[EXERCISE INSTRUCTIONS]:
Nothing but the lines from the one containing "KIKO brand eyebrow palette" through the end of the data should be retyped, exactly as they stand, and pictures should not be retyped.

==== DATA

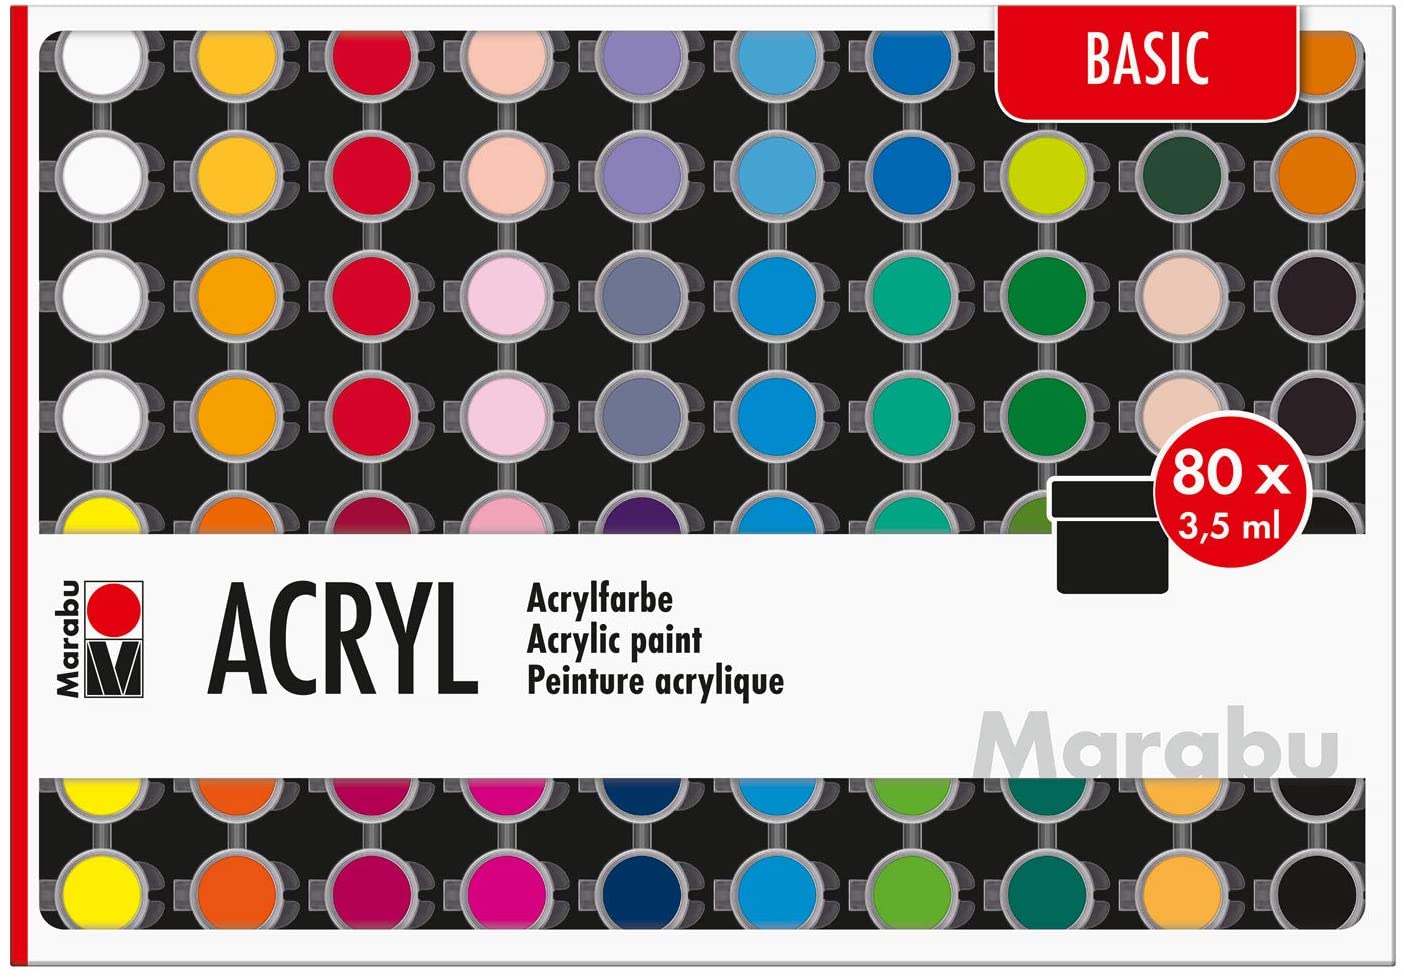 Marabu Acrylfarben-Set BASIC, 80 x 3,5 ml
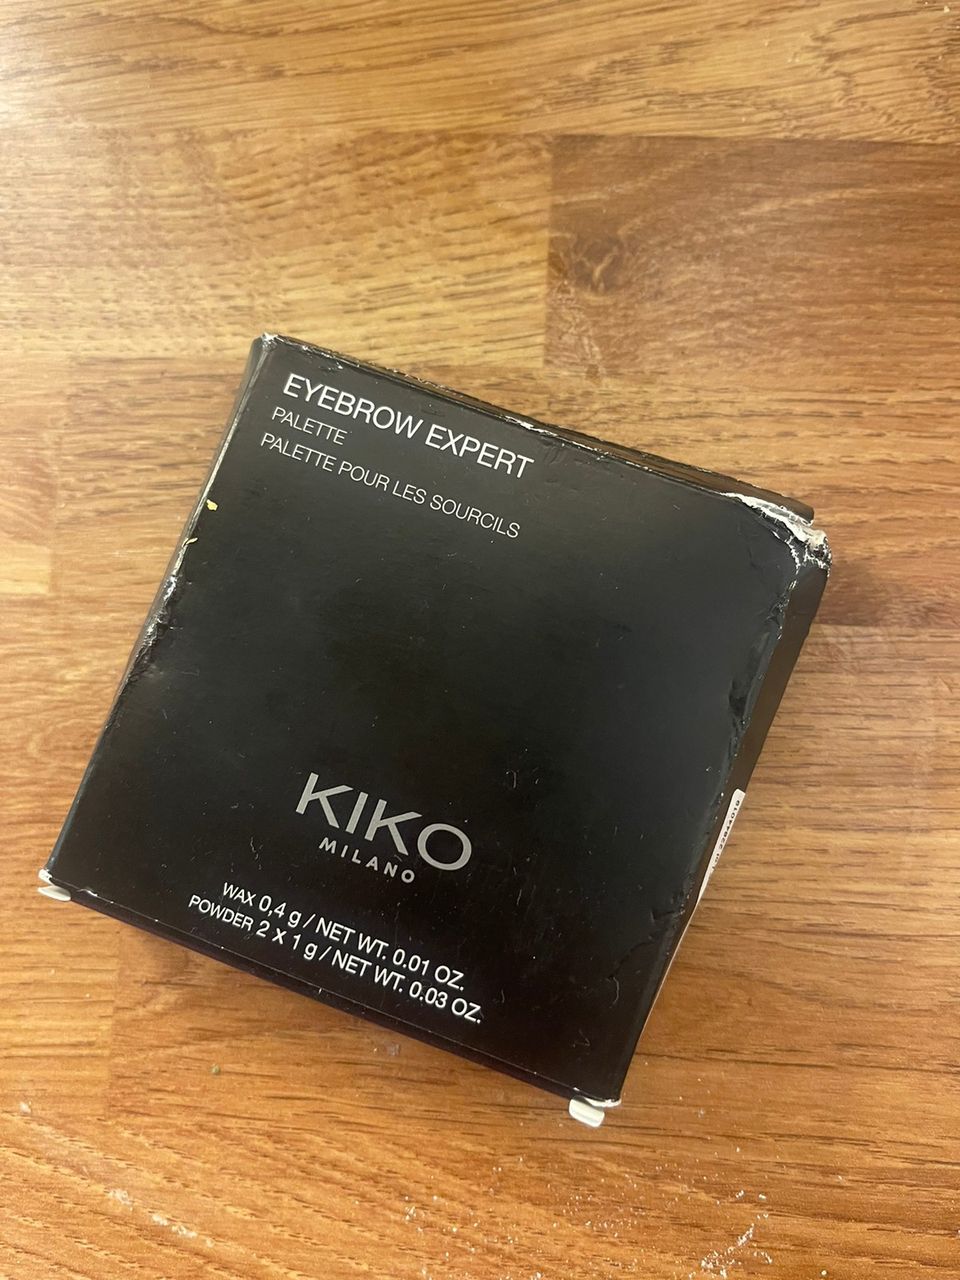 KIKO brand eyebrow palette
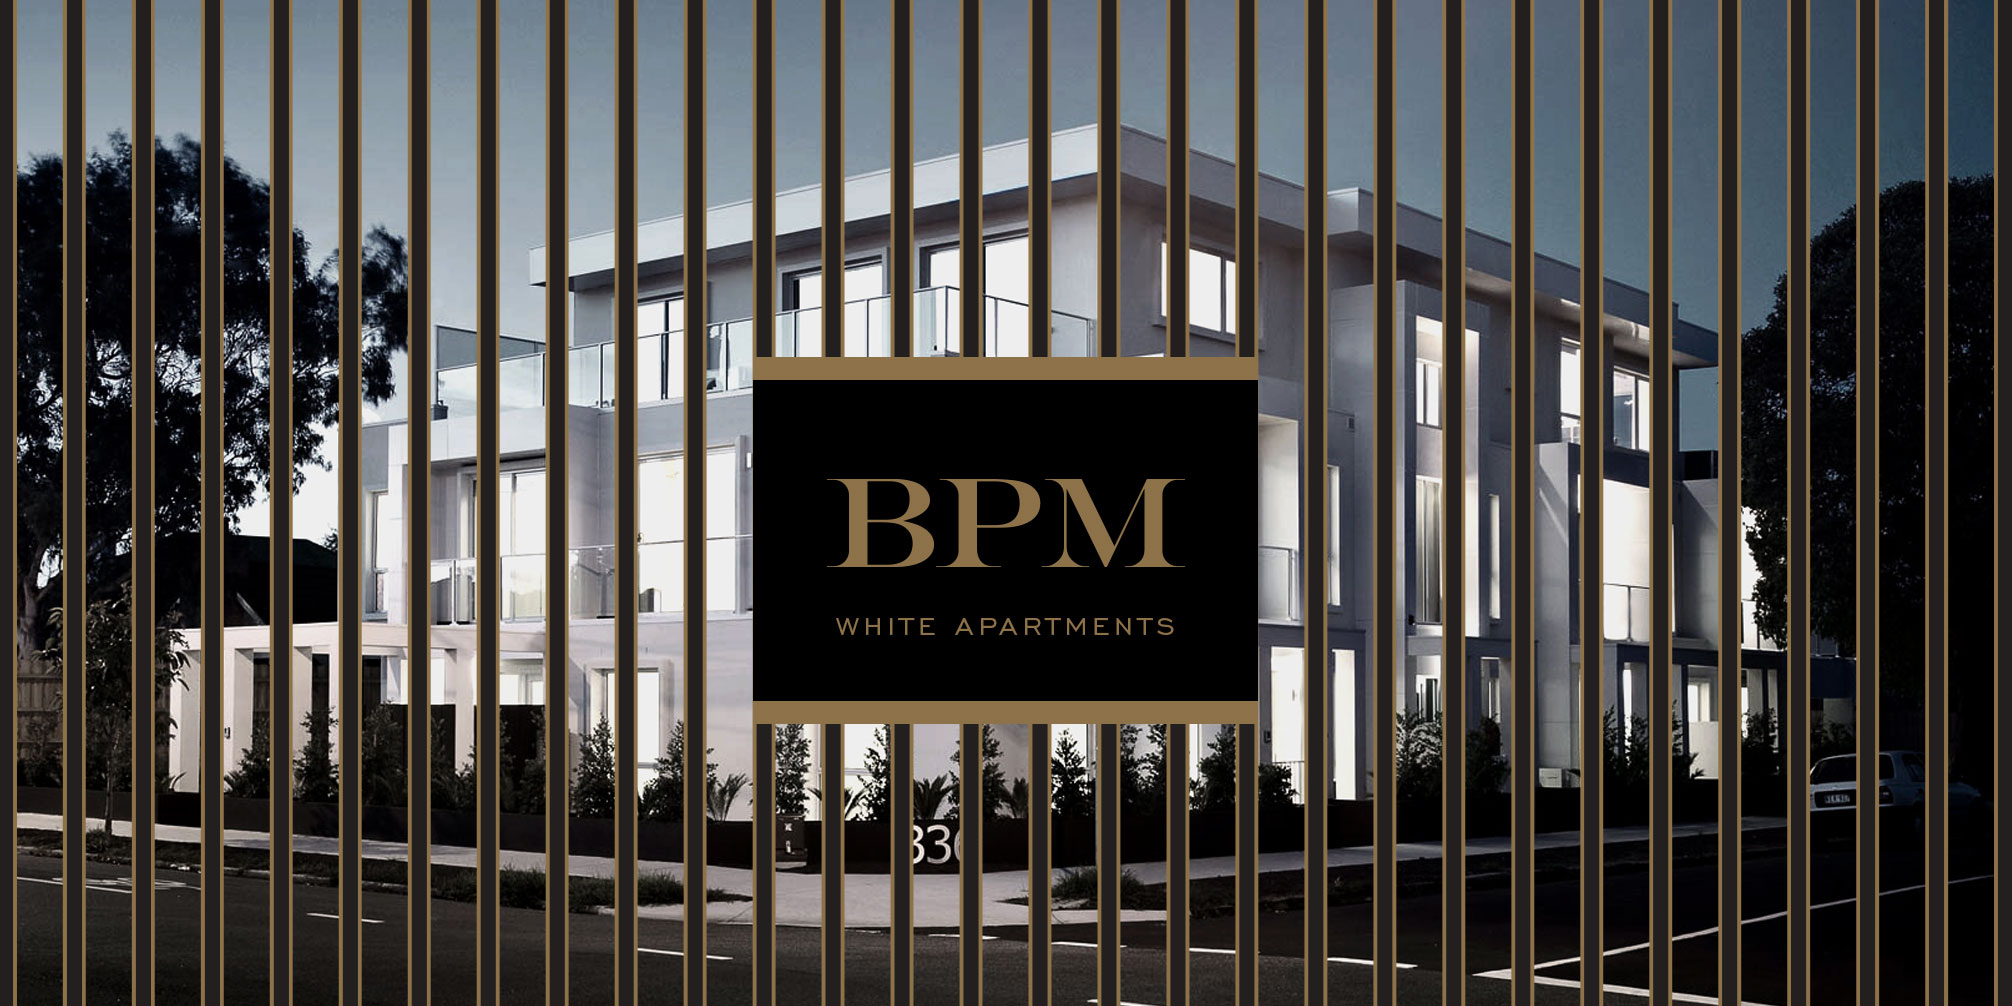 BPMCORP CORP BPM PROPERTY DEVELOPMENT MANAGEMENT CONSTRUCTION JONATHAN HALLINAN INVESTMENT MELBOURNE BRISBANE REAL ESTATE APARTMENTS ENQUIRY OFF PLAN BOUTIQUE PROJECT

========

[EXERCISE ANSWER]:
 KIKO brand eyebrow palette
 BPMCORP CORP BPM PROPERTY DEVELOPMENT MANAGEMENT CONSTRUCTION JONATHAN HALLINAN INVESTMENT MELBOURNE BRISBANE REAL ESTATE APARTMENTS ENQUIRY OFF PLAN BOUTIQUE PROJECT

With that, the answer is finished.